NOT A TRUMP QUOTE, but it should be (with apologies to Cavin & Hobbes)

Trump: I just read this great science-fiction story. It’s about how machines take control of humans and turn them into zombie slaves.”
McConnell: So instead of us controlling machines, they control us? Pretty scary idea.”
Trump: I’ll say…HEY, what time is it? Fox and Friends is on.”

“I have long said that I may release Financial Statements. It is a very IMPRESSIVE Statement.”—Trump tweet, Sept. 28, 2020. [Now, if we just knew what he meant…]

“I know nothing about QAnon. I know very little. “You told me but what you tell me doesn’t necessarily make it fact. I just don’t know about QAnon.”—Donald Trump, when asked by Thursday’s Town Hall hostess Savannah Guthrie to disavow QAnon.

“You do know.”—Guthrie.

“I don’t know.”—Trump. [That went well for Trump, who has welcomed endorsements from QAnon.]

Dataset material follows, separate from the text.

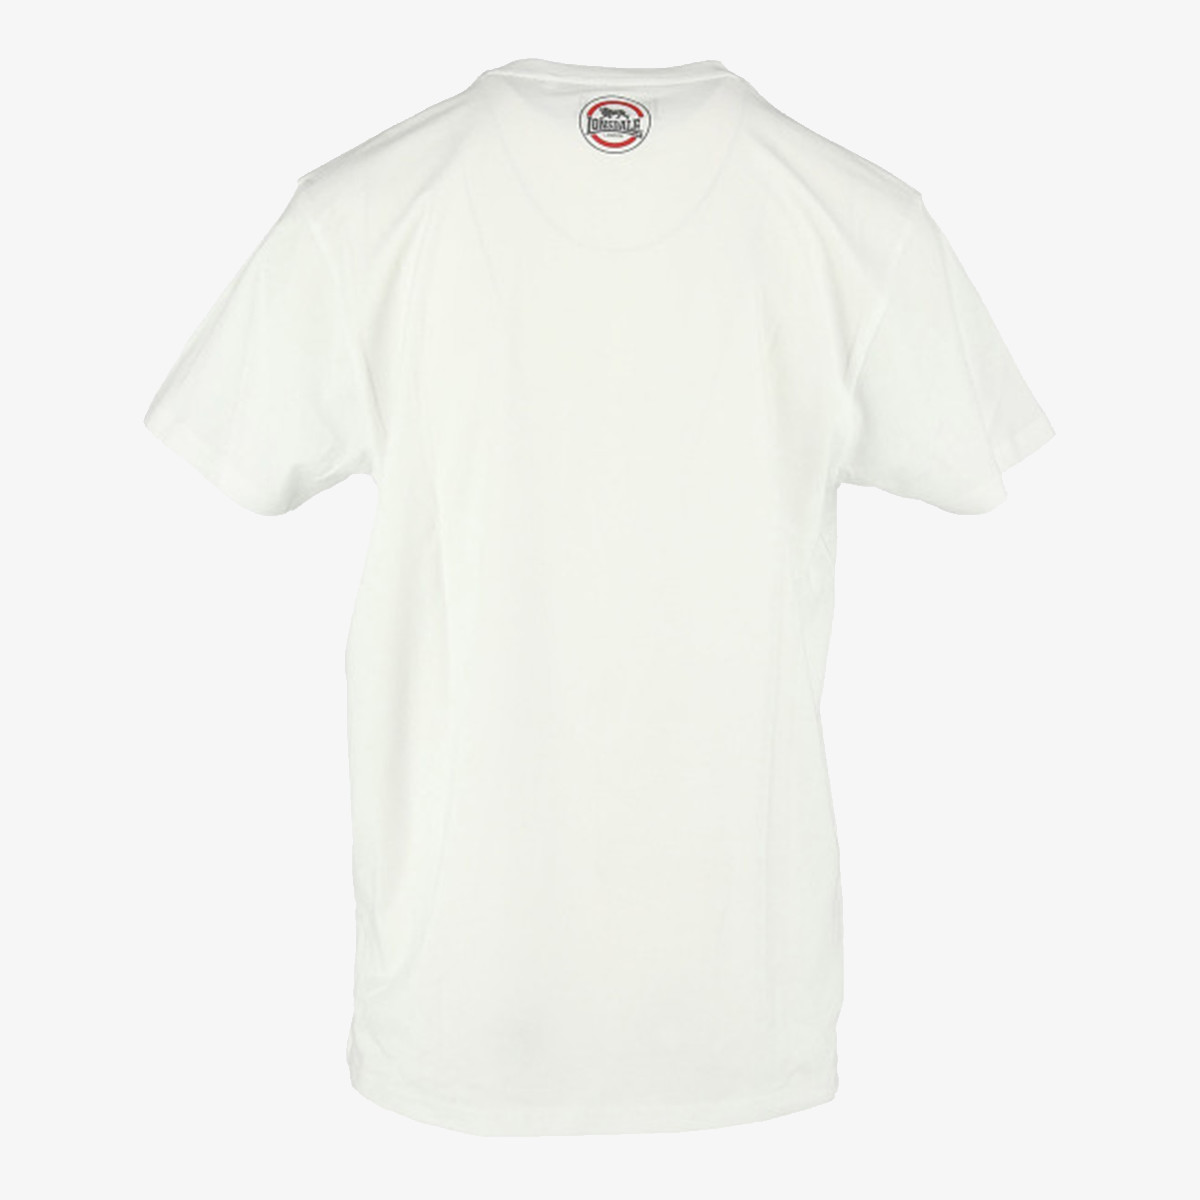 Lonsdale Lonsdale Mens Tee

“You go to places like The Villages [retirement community] and mostly they’re going to vote for Biden. That additional 10 to 20% may be enough for Biden to win the I-4 corridor (Interstate 4, the highway that cuts across Florida from Tampa Bay to Daytona Beach, could just as easily be called “The Road to the White House”). You win the I-4 corridor, you win Florida. You win Florida, effectively Biden has won the election.”—Charles Zelden, professor of history and politics at Nova Southeastern University.

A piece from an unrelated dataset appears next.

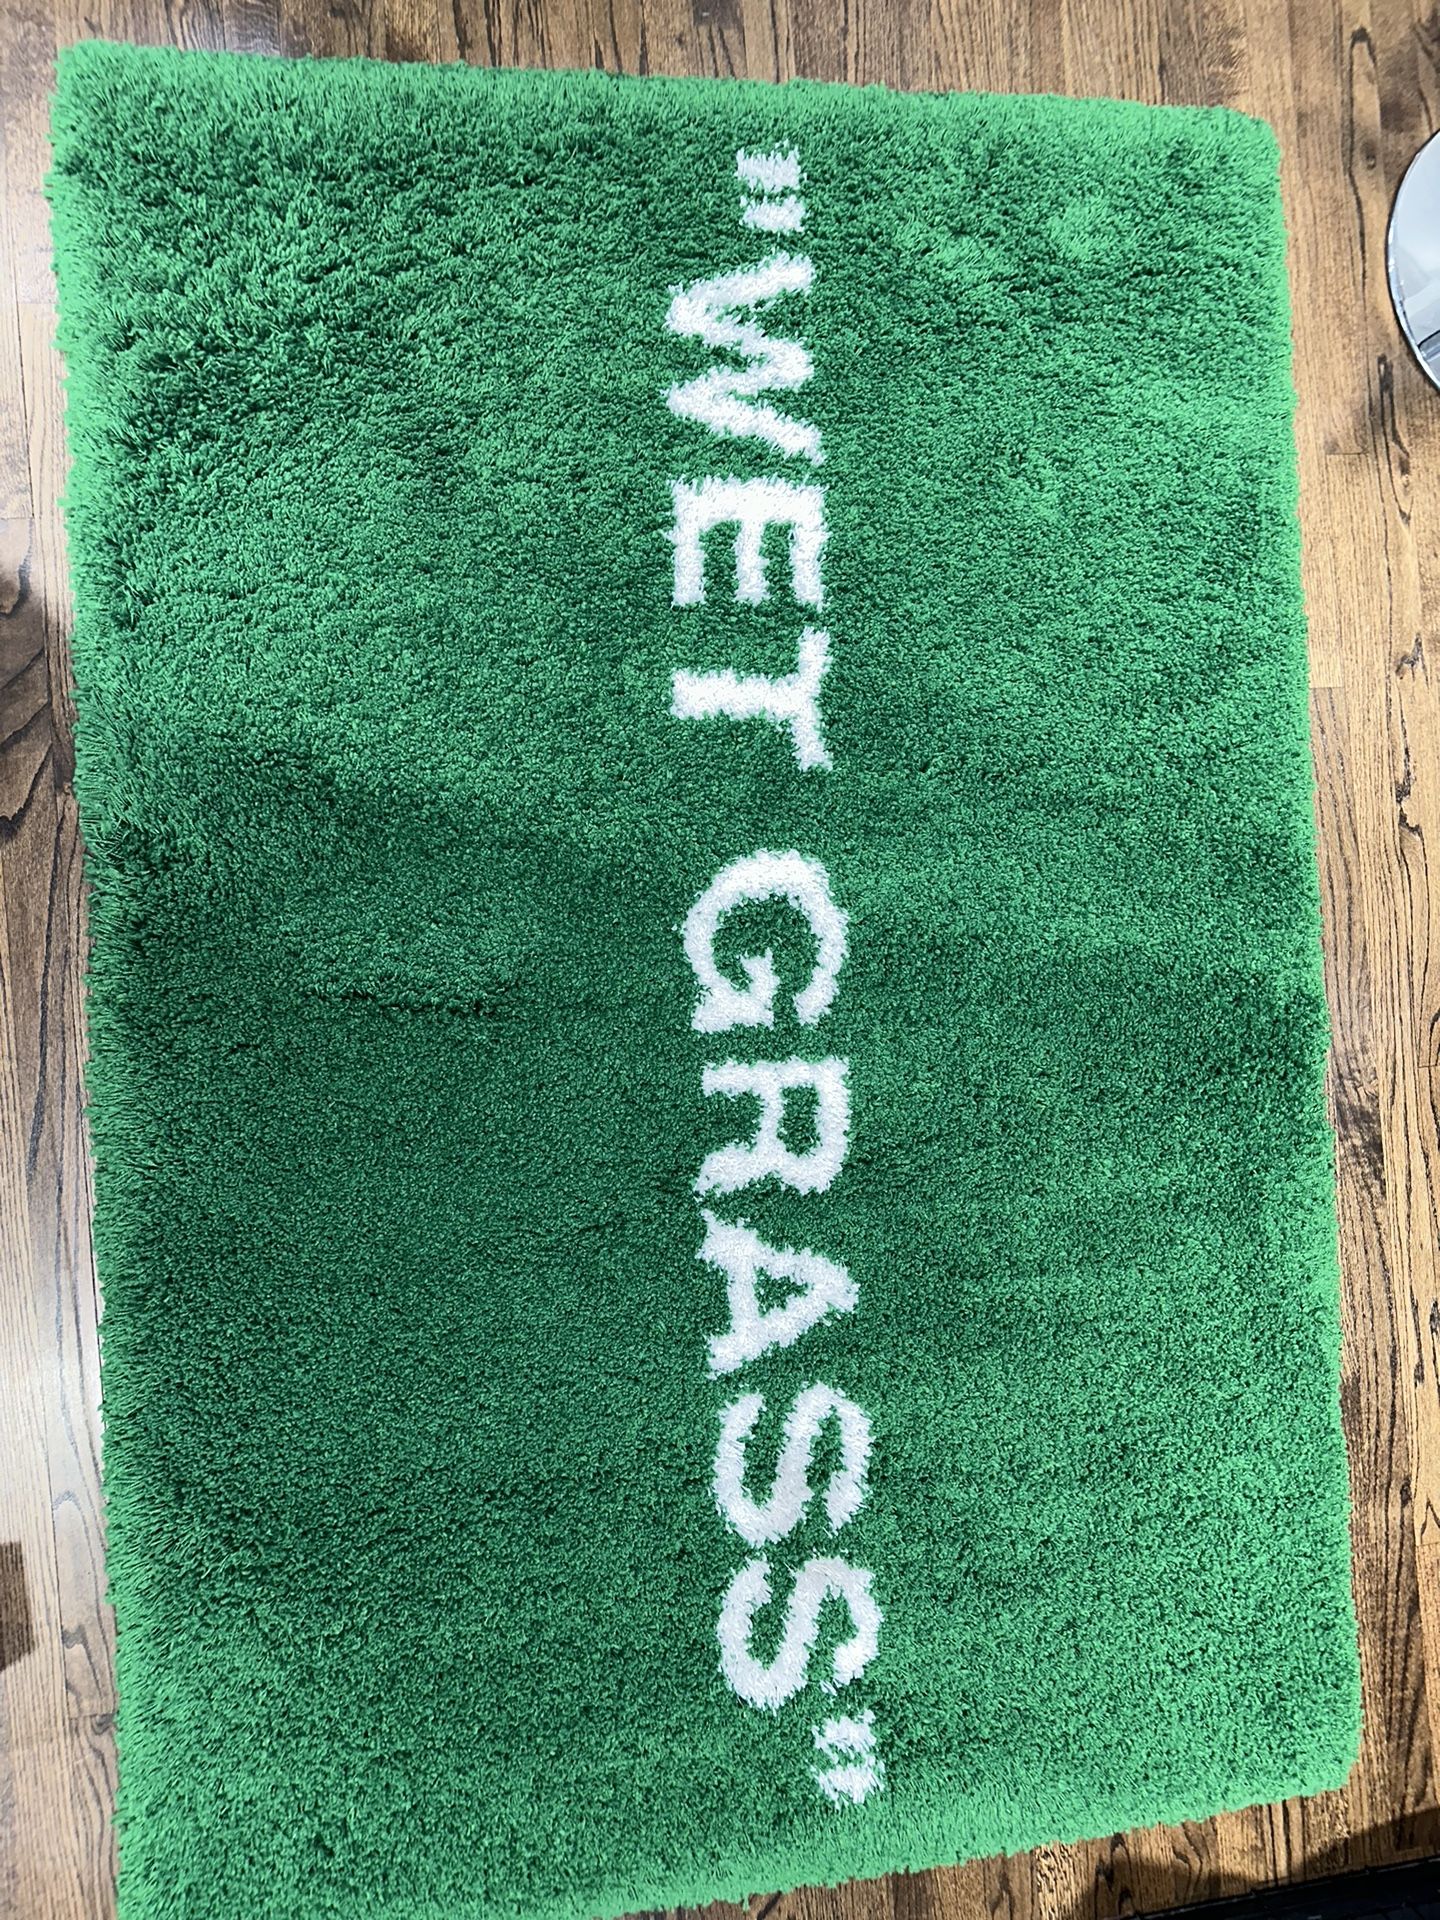 Off white x Ikea “wet grass” rug $800 for used $1000 for new

“They’re turned off by him (Trump). They’re concerned for their Medicare, their social security, of course. But they can’t stand the hate, the vitriol. They’re considering Biden because of the way Trump behaves.”—Chris Stanley, president of the Democratic Club of the Villages.

“If you’re not hiring me because I’m a conservative, shame on you. If there’s a civil war, then don’t forget who has all the guns.”—Actor Scott Baio, a Trump supporter.

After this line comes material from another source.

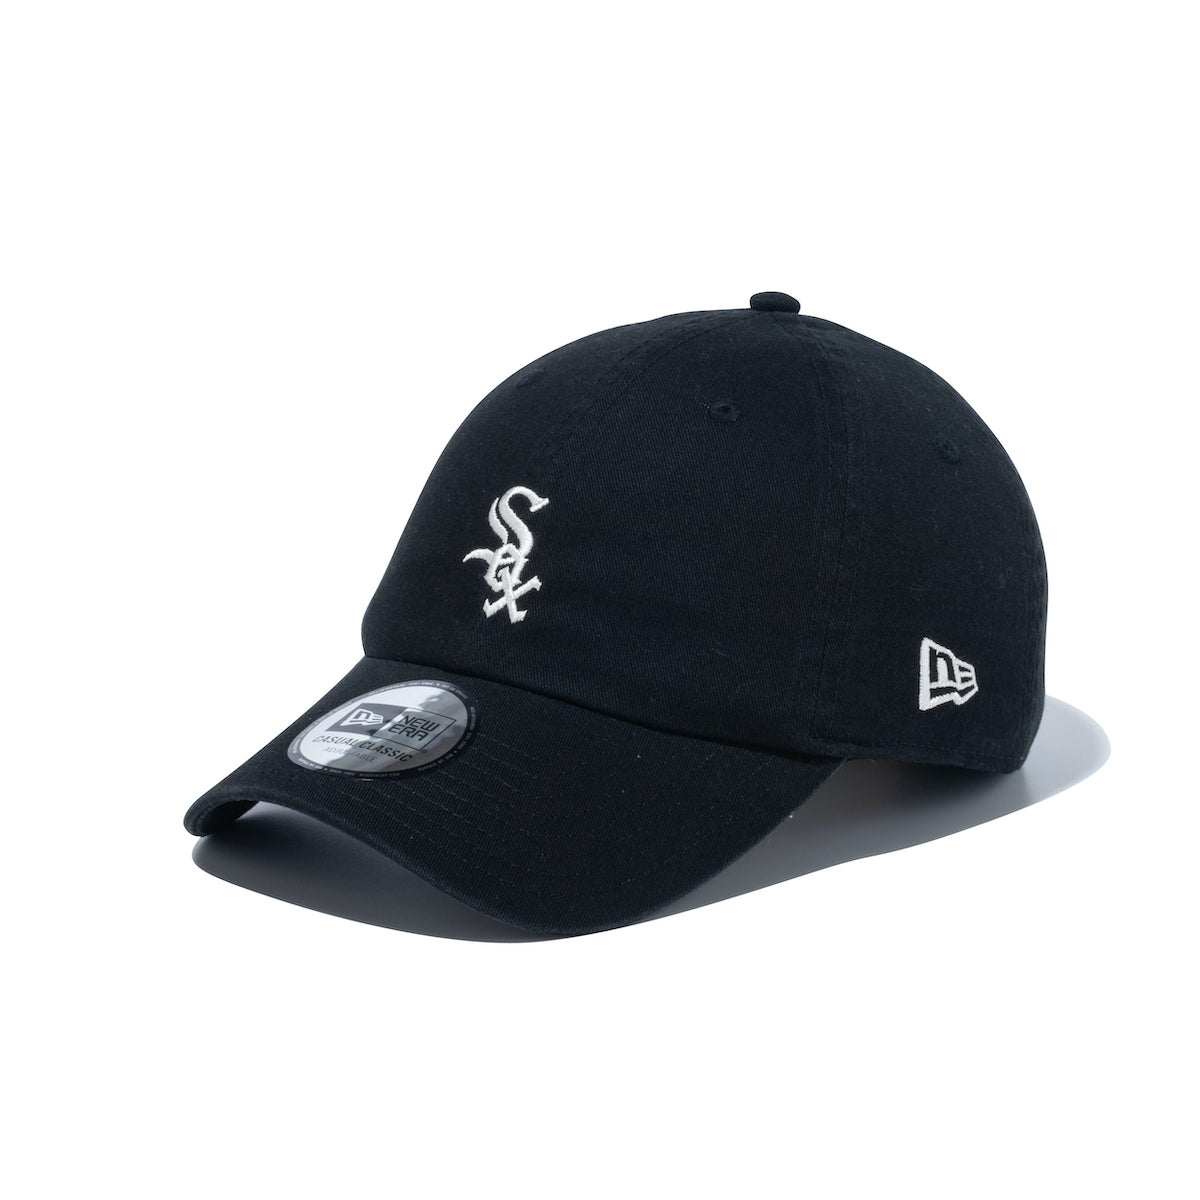 CHICAGO WHITE SOX MID LOGO CASUAL CLASSIC

“If that’s the case, I’m very disappointed. I think it’s a terrible thing, and I will say it to [Barr’s] face.”—Trump, to Rush Limbaugh, in criticizing his Department of Justice investigation which found…um, no evidence to support no criminal charges against Hillary, Barack Obama or Joe Biden. [Hmm. The “no collusion” shoe is on the other foot, right Donnie?]

“I don’t know what’s going on out there, but I can tell you there’s a lot of money being raised in this campaign. I’d like to know where the hell some of it is coming from,”—Lindsey Graham, whining about opponent Jaime Harrison’s fundraising success. [A better question: why are so many supporting your opponent, Trump Toady Boy?]

NOT A TRUMP QUOTE, but it should be (with apologies to Cavin & Hobbes):

Trump: What do you think is the secret to happiness? Is it money, power or fame?”
Mitch McConnell: “I’d choose money. If you have enough money, you can buy fame and power. That way you have it all and be really happy. Happiness is being famous for your financial ability to indulge in every kind of excess.”
William Barr: I suppose that’s one way to define it.”
Trump: The part I think I’d like best is crushing people who get in my way.”